As a voice and accent trainer, I have been working with my trainees on body language.
What is body language? Body language is an important part of communication which can constitute 50% or more of what we are communicating. If you wish to communicate well, then it makes sense to understand how you can (and cannot) use your body to say what you mean.
Because I’m part of a management team, I participate in interviewing candidates on a regular basis. I’m very aware of the role body language plays in communicating with people.
I’ve found that it is really important to be aware that there’s far more going on than the discussion between you and the candidate. To make the best hiring decisions for your business, you need to pay attention to each applicant’s nonverbal cues.

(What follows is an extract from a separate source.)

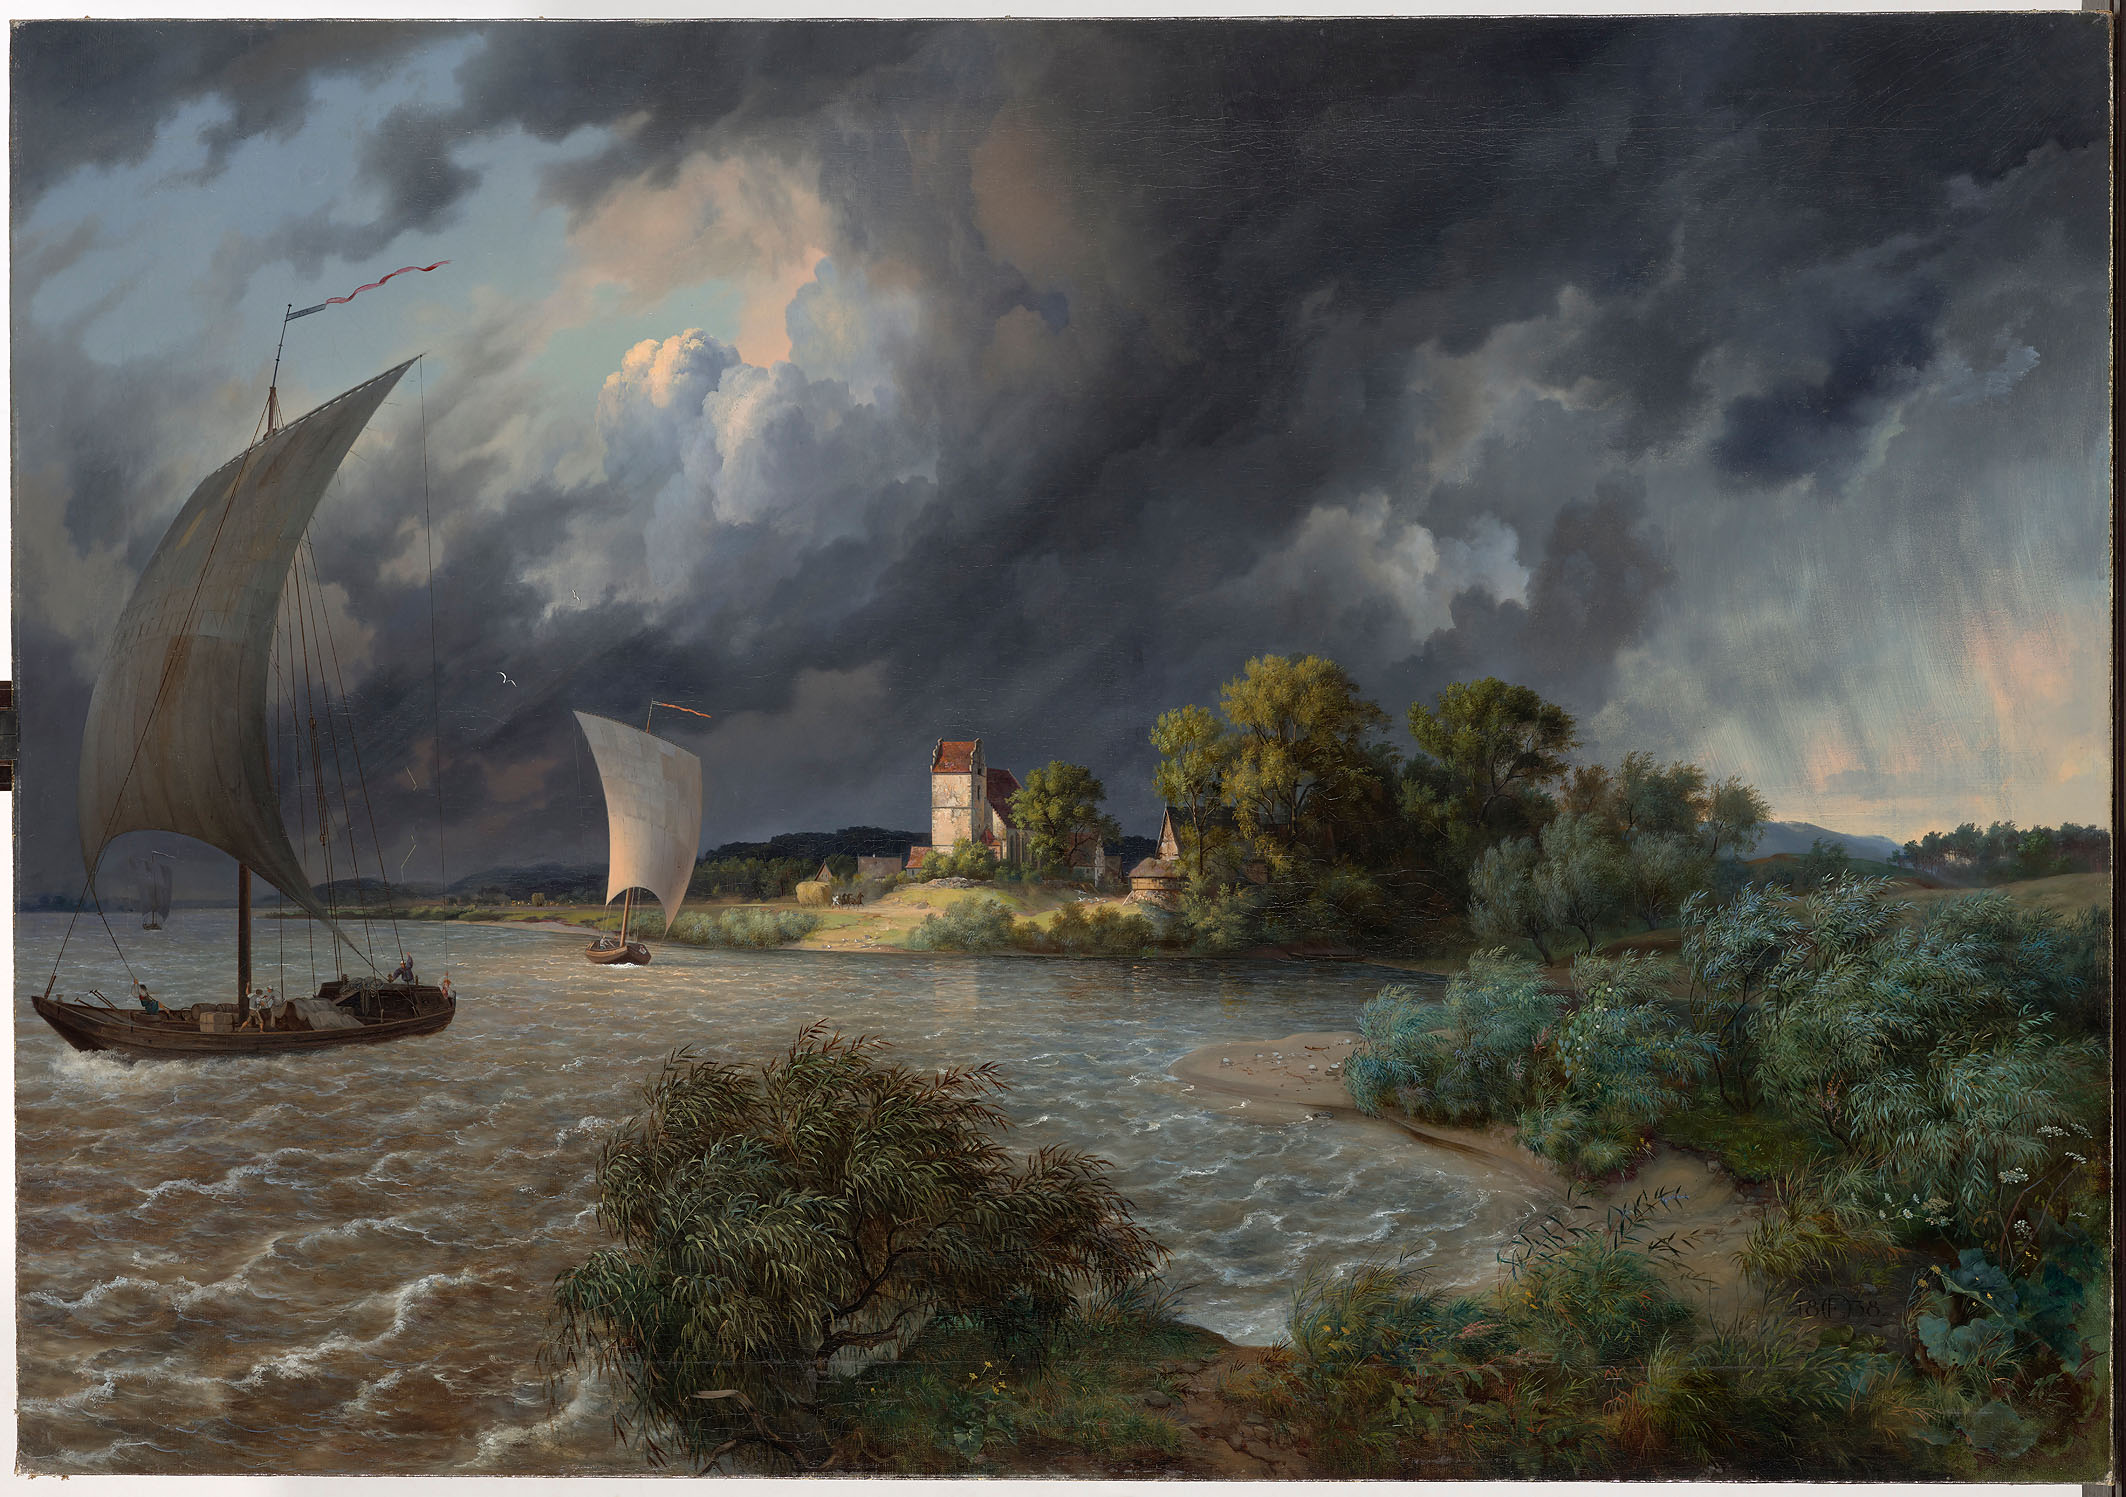 Kaditz Köyü Bölgesinde Fırtına (orig. "Thunderstorm in the Area of the Village Kaditz") by Ernst Ferdinand Oehme - 1838 - 99 x 142 cm 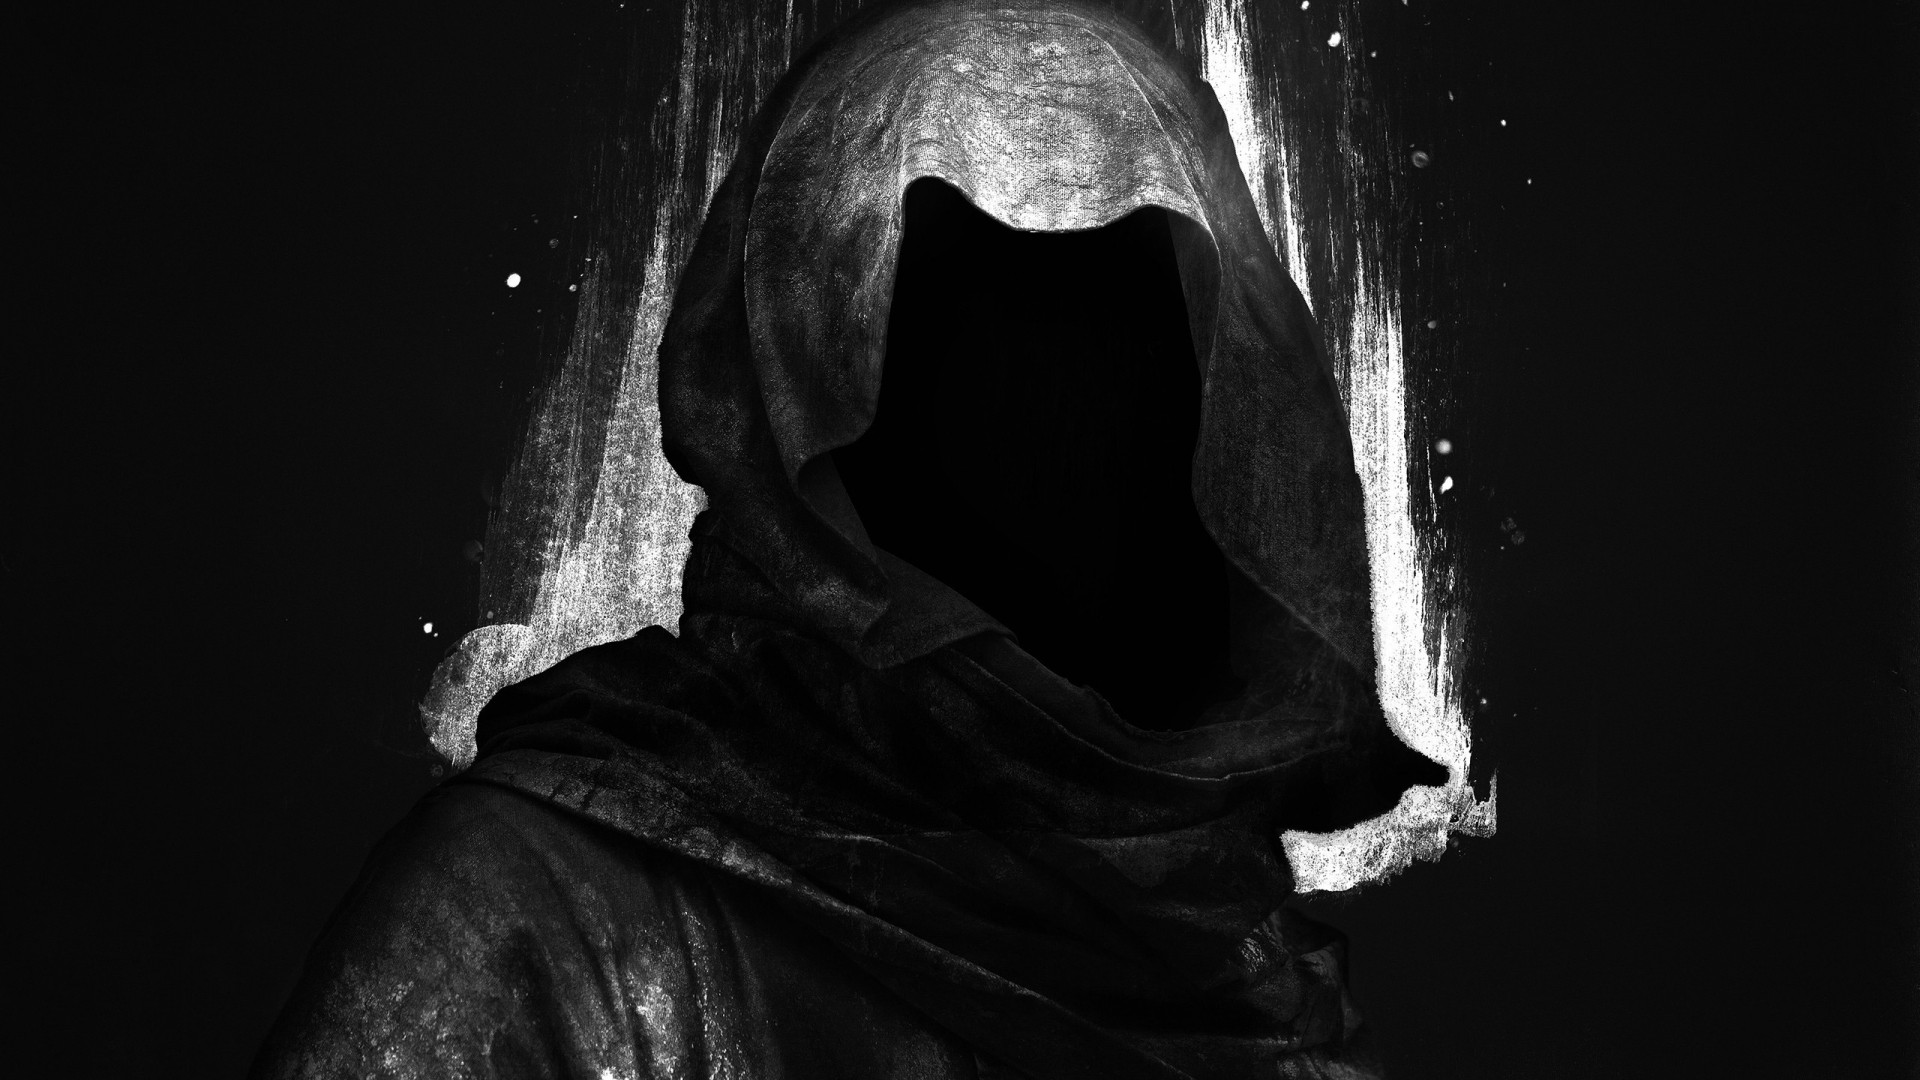 black background, Digital art, Hoods, Faceless, Dark, Grim Reaper

What can you watch for or observe from candidates? Some of the points below can definitely help you filter them. If you are interviewing potential employees who are remote, video conferencing is the ideal way to make the meeting more like a face-to-face one so you can watch for those nonverbal cues.
Many video conferencing providers, including InterCall, can help you find video rooms available to rent, so not having equipment isn’t a barrier.
Here are the tips from a blog, How Reading Body Language Can Help You Make Better Hiring Decisions, by Lee Polevoi.
This is common sense, but worth a second look. The candidate should be well-dressed and properly groomed, which communicates professionalism and good self-esteem. In many companies, the panel of judges (I‘m included in this group) expect the candidates to come in proper professional attire.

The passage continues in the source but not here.